Despite its size, OCC-RAG-0.6B matches or exceeds general-purpose models **2–6× larger** on multi-hop reasoning, faithfulness, and refusal benchmarks. It is mid-trained from `Qwen/Qwen3-0.6B-Base` on a large synthetic corpus of multi-context, multi-hop QA with citation-anchored reasoning traces.

## Highlights

- **Faithful by design** — answers only from the supplied context; achieves the best faithfulness (lowest memorization ratio) across all evaluated scales, including 32B models.
- **Calibrated abstention** — outputs `Not enough information` when the context does not support an answer.
- **Structured, citable reasoning** — every answer comes with a transparent trace (query analysis → source analysis → reasoning → status → answer) that cites sources by id.
- **Compact** — a small model that delivers chain-of-thought-level transparency at a fraction of full thinking-mode inference cost.

## Model overview

OCC-RAG-0.6B is mid-trained from `Qwen/Qwen3-0.6B-Base` via supervised fine-tuning on a synthetic corpus of **~3.25M QA pairs** (~2.78M single-hop, ~262k multi-hop single-context, ~165k multi-hop multi-context, and ~43k abstain examples), distilled from a larger teacher with citation-anchored reasoning traces.
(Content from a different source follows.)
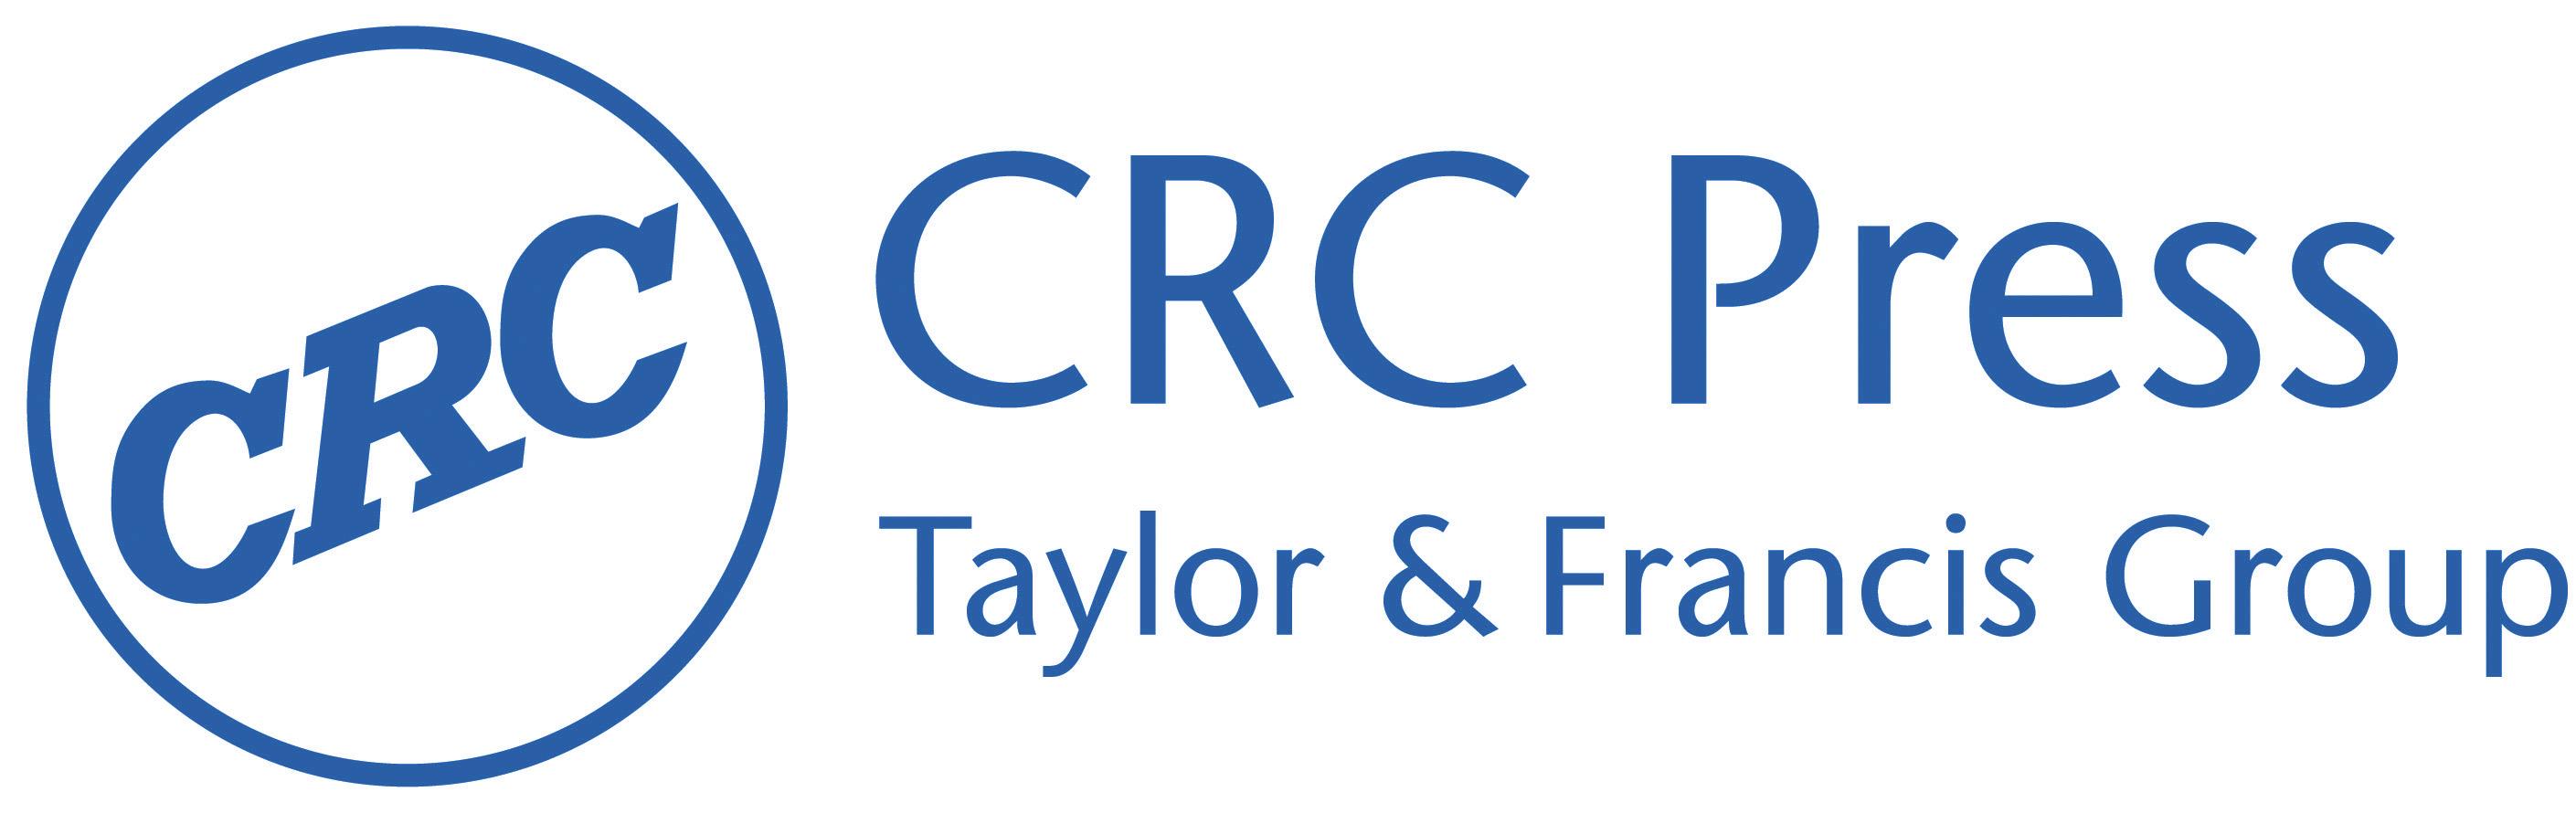 CRC PRESS - Taylor & Francis Group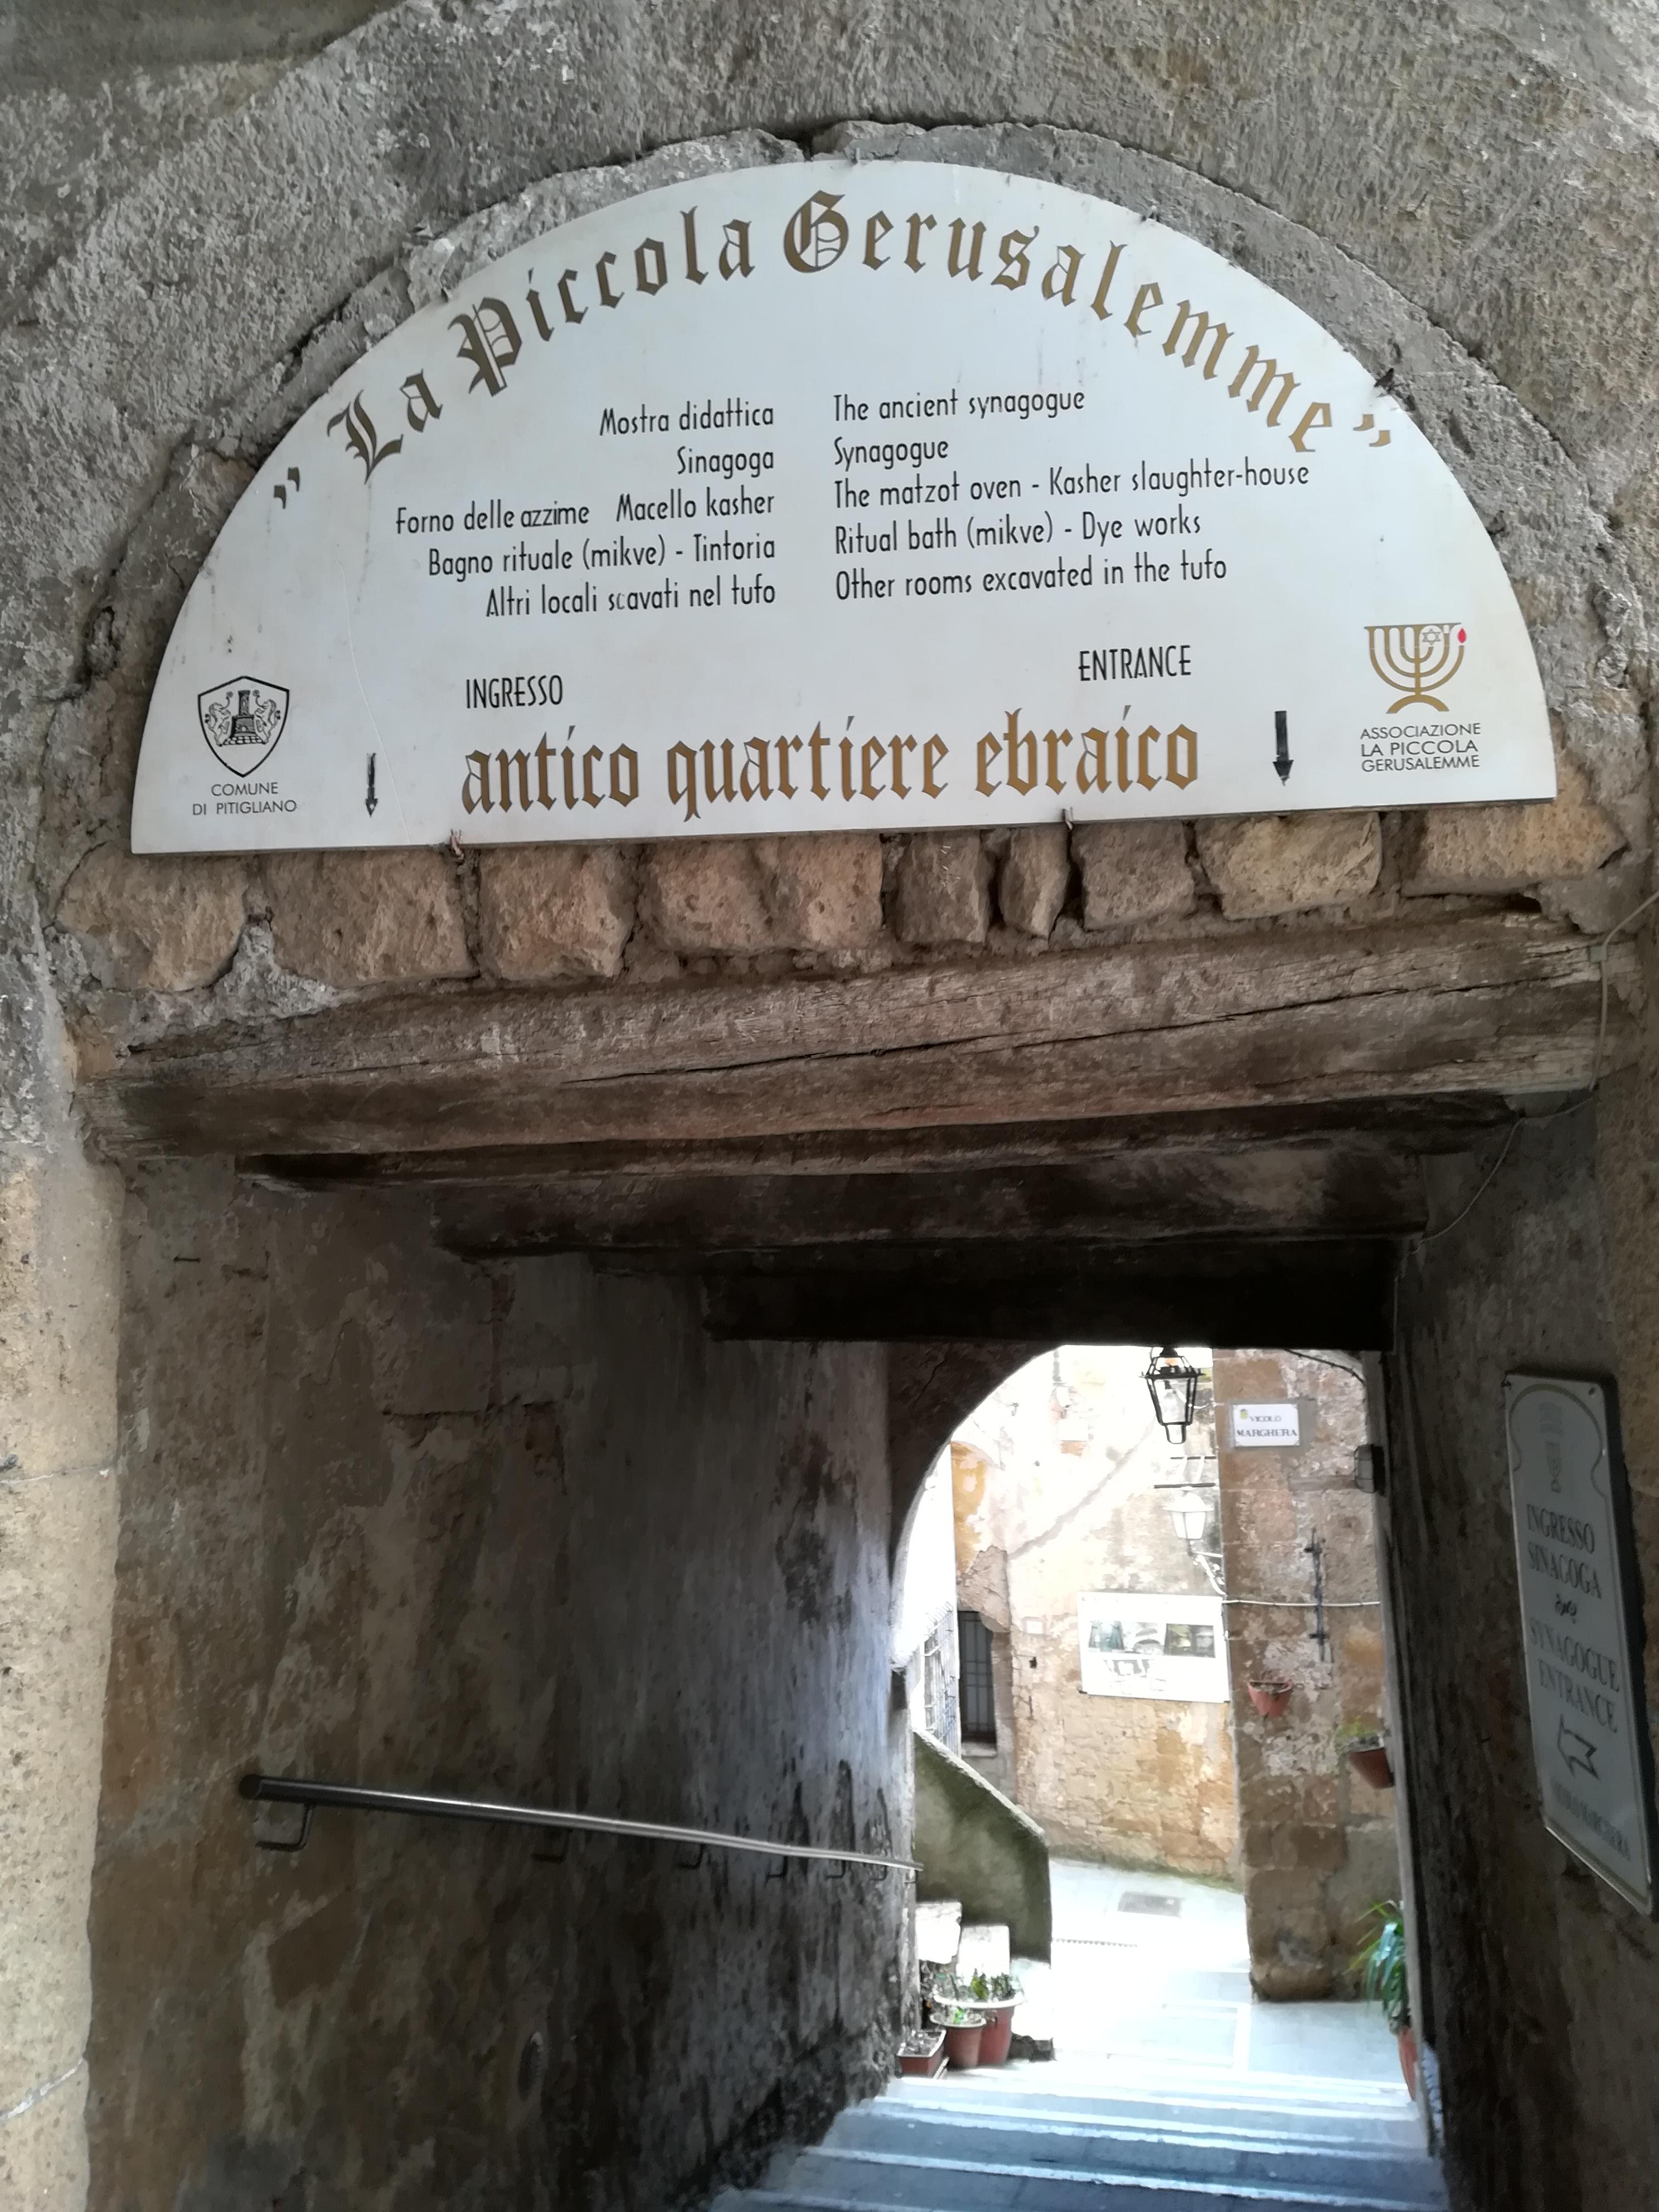 La piccola Gerusalemme cosa vedere a Pitigliano GetCOO travel

Multi-hop and multi-context subsets are oversampled to emphasize compositional reasoning. The prompt/response format is identical at training and inference time, so no train–test mismatch is introduced.

## Evaluation

Evaluated across multi-hop reasoning (HotpotQA, MuSiQue, TAT-QA), faithfulness (ConFiQA), and refusal (MuSiQue-Un). In-Acc = the gold answer appears as a substring of the prediction; F1 = token-level overlap between prediction and gold answer; M_R = memorization ratio (lower = more faithful); R-Acc = refusal accuracy.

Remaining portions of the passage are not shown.